If that's the case I'm a lousy one.

No. I don't do any of this stuff and it has never occurred to me to do it.

Maybe reflect on how the other person is feeling with your comments and adapt if possible. Sometimes you can't. My SO grandma says racist stuff to me all the time and I just laugh inside. I could debate her but what value is there for me. She's on deaths door anyway. Grandma also used to trash talk mom until my SO said stop it. Those are examples of Just go with the flow or end the behavior that is causing stress.

Everyone manipulates everyone around them unknowingly all the time. Even altruistic behavior exists partly because it makes other people think good things about you.

Only if you'd stop all human contact would you stop that. We're built to want things (mostly sex+resources) from other people, and we're equipped to get it.

We also all have "dark" ("psychopathic") thoughts & behaviors that we're hiding, not only from others but also ourselves. Some people embrace them more than others, some people resist them more than others.

I can suggest The Moral Animal for deeper understanding.

I choose to handle this by not interacting with people.

My wife, a psychologist, says that you could be a psychopath, but its much more likely you have borderline personality disorder or are on the austism spectrum

i don't because i don't meet the diagnostic criteria for ASPD

No. That's a very weird thing to wonder about and almost makes me think you might actually be a psycho.

A psychopath wouldn't be worried about whether they're a psychopath.

They would be worried abouth whether others perceive them as being a psychopath.

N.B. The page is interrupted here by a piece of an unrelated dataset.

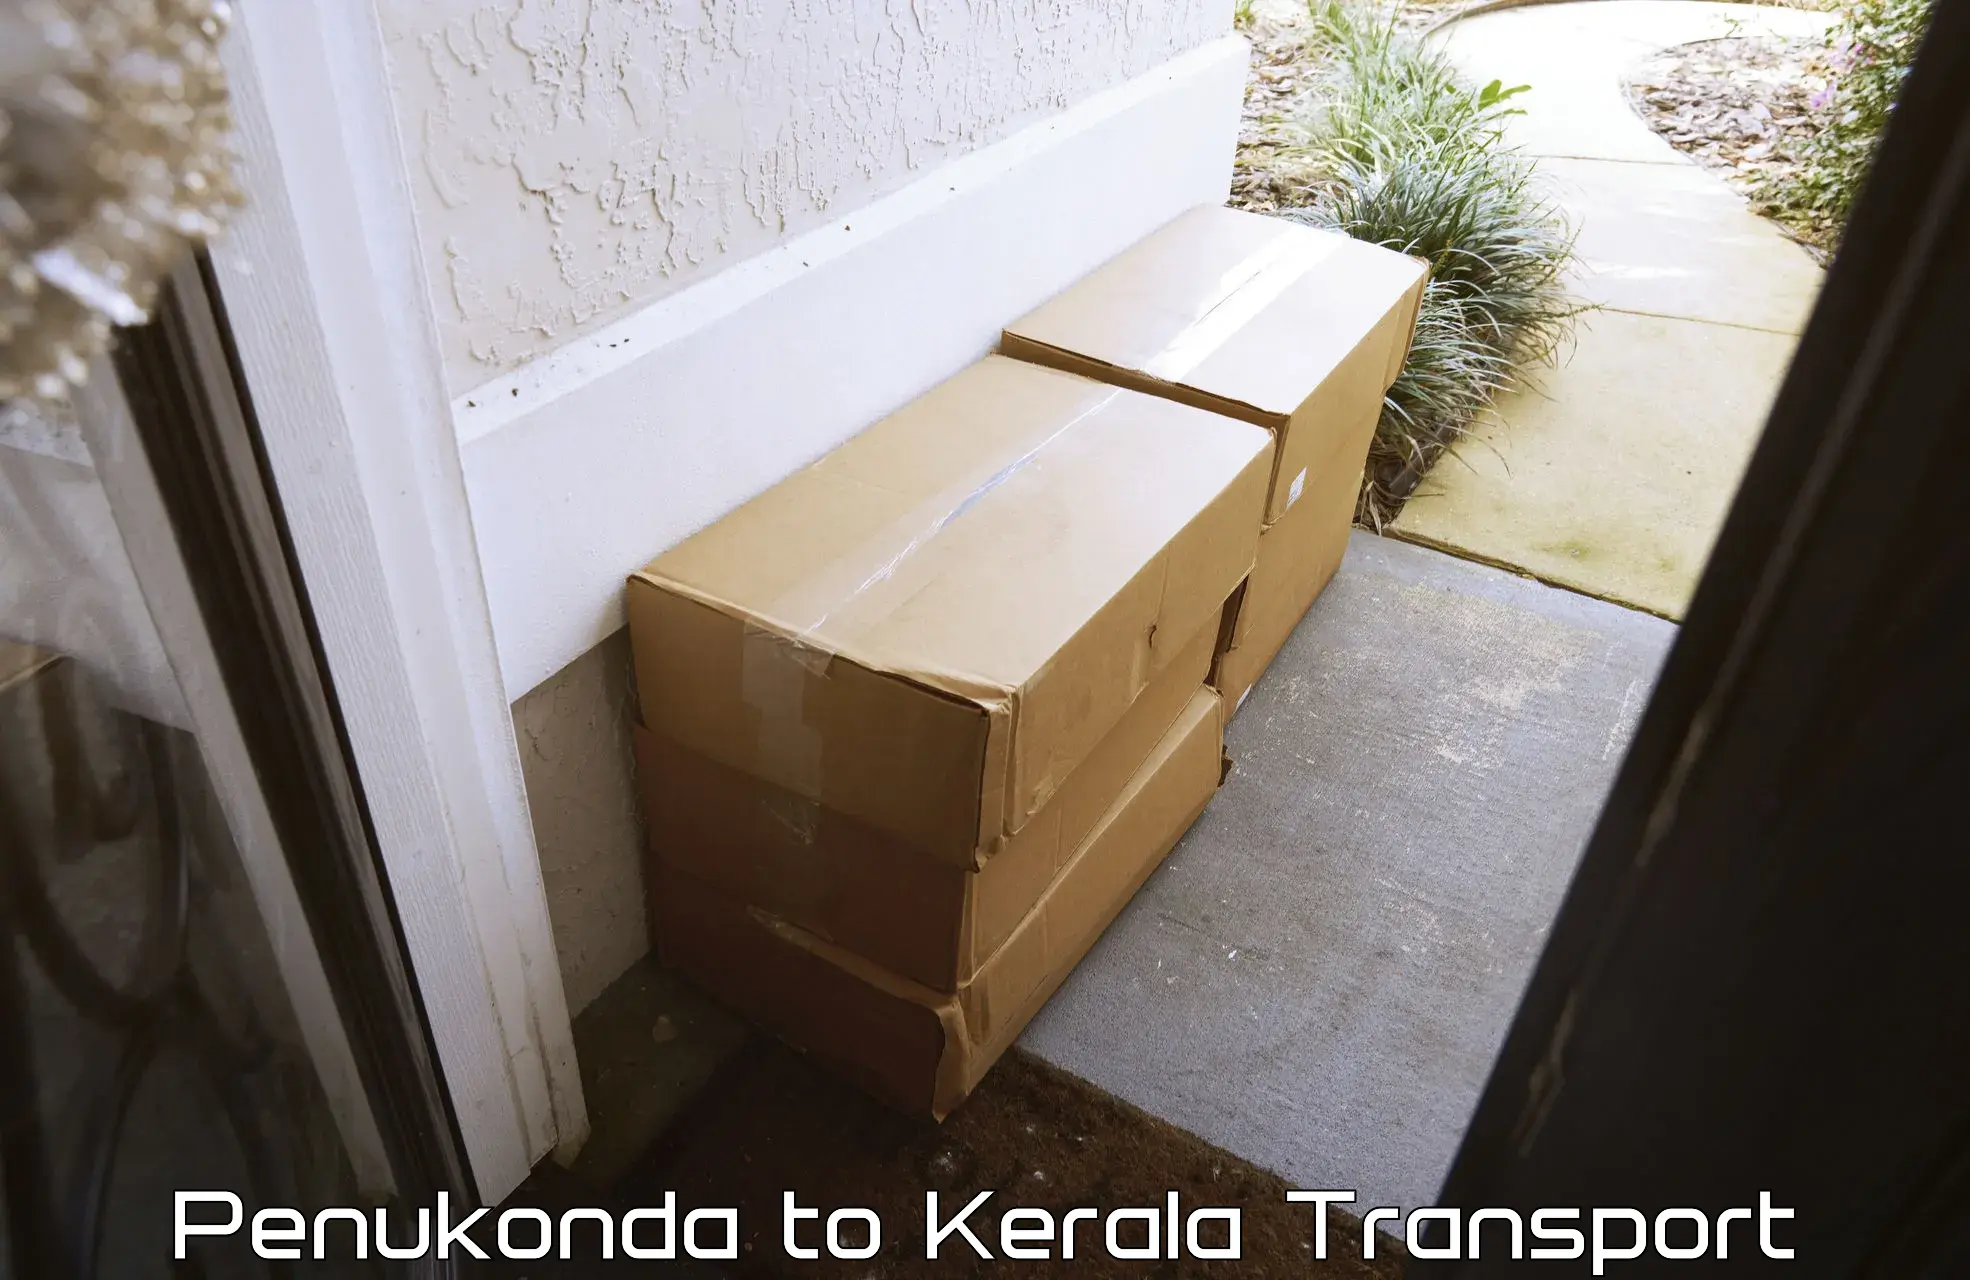 Online transport service Penukonda to Kerala

With a name like Thorny_Insight, I imagine you’ve already accepted and internalized the possibility that your internally critical mindset is equally external. This doesn’t make you evil, it doesn’t make you awful to be around, it just means that you have embraced the personality that you currently question, even if it isn’t who you truly are.

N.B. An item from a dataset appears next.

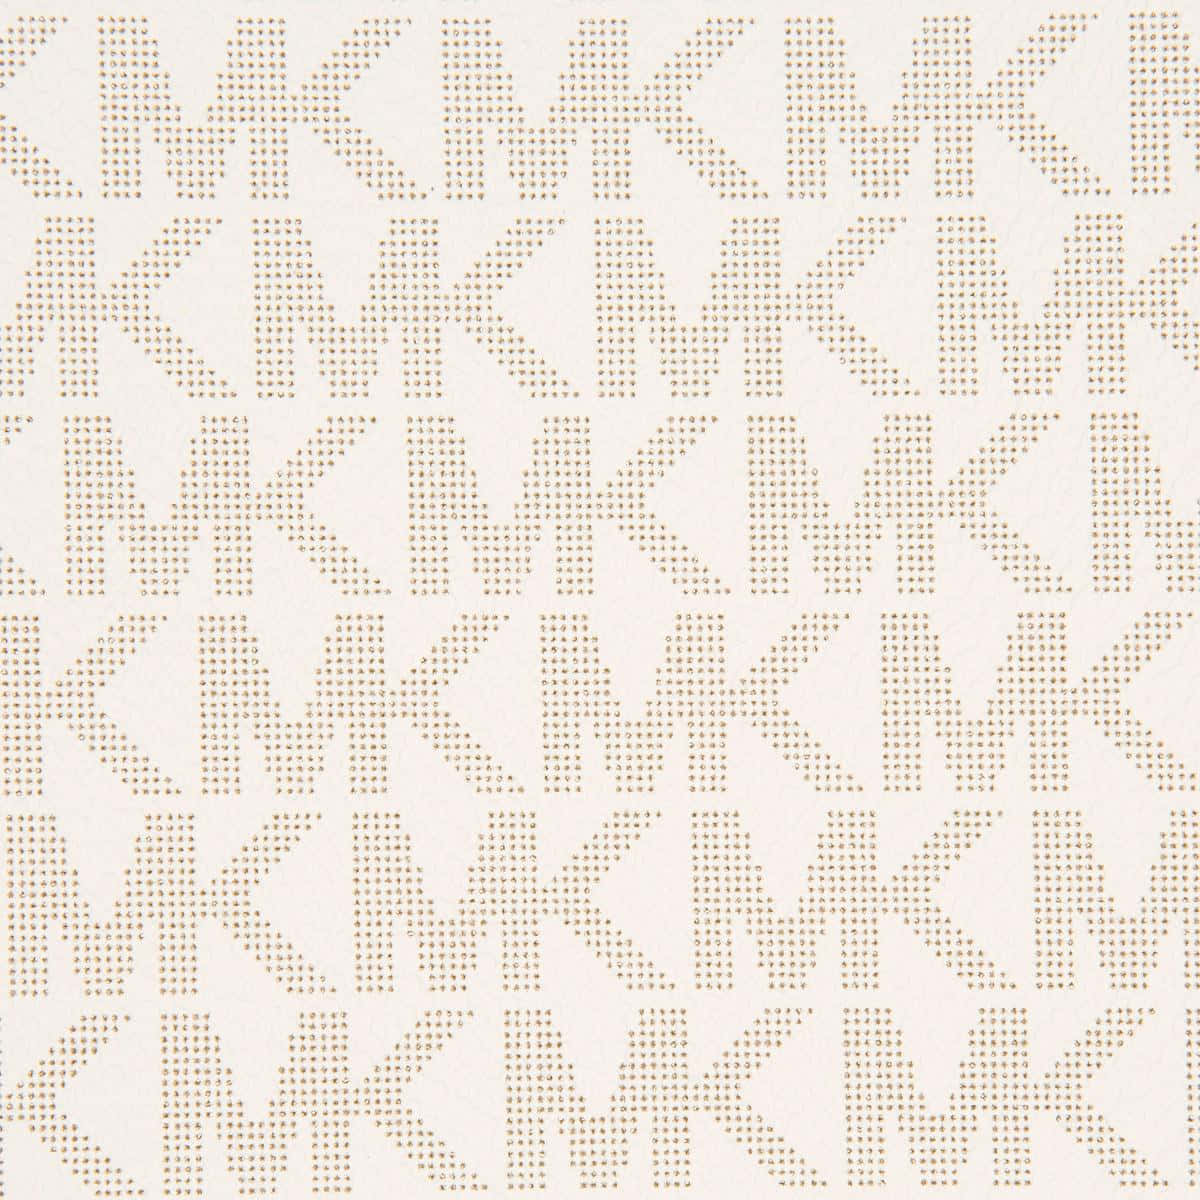 Michael Kors Wallpapers - Top Free Michael Kors Backgrounds -  WallpaperAccess

The world is becoming a very different place and the personality you have is one which is constantly questioned by people that think what is good is conformity and acceptance of anything and everything. There is no reason you need to conform or accept everything at face value.

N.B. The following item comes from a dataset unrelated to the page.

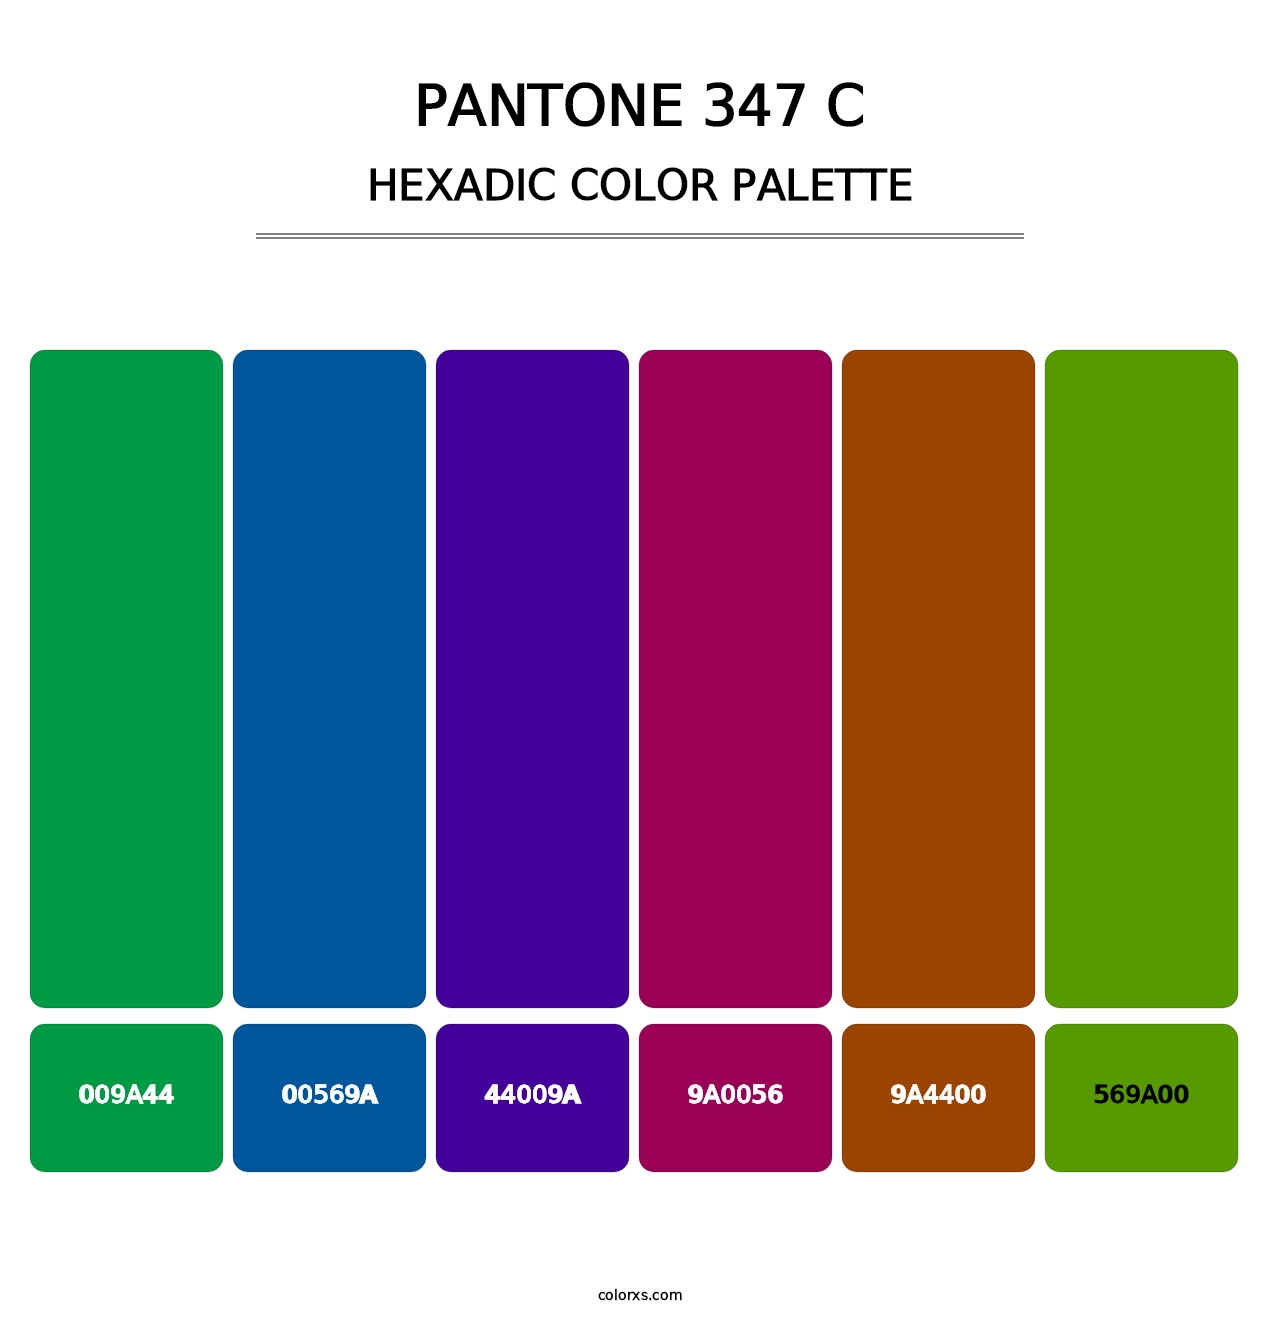 PANTONE 347 C - Hexadic Color Palette

No, because I knowingly manipulate the people around me. I'm firmly against violence, including emotional and verbal violence, so I make the effort to manipulate people with misdirection and incentives rather than threats or punishment.

Every manipulates others all the time, whether they know it or not, whether they admit it or not. The important thing is to do it ethically, and how can you do that if you're not aware of the effects you have on others?

It's good that you are engaging in self-examination in this way. I might suggest that there's a difference between being honest and being blunt. Just because you refuse to lie does not mean you always need to tell the truth, rather that you only tell the truth. You're allowed to keep silent, to leave a true-but-painful confrontation unspoken.

Oh I definitely omit information. It's just that I don't say things I don't believe/mean.

The important thing is to do it ethically

No, the important thing is not doing it for nefarious or merely self-serving purposes.

I think most people would agree those are ethical concerns.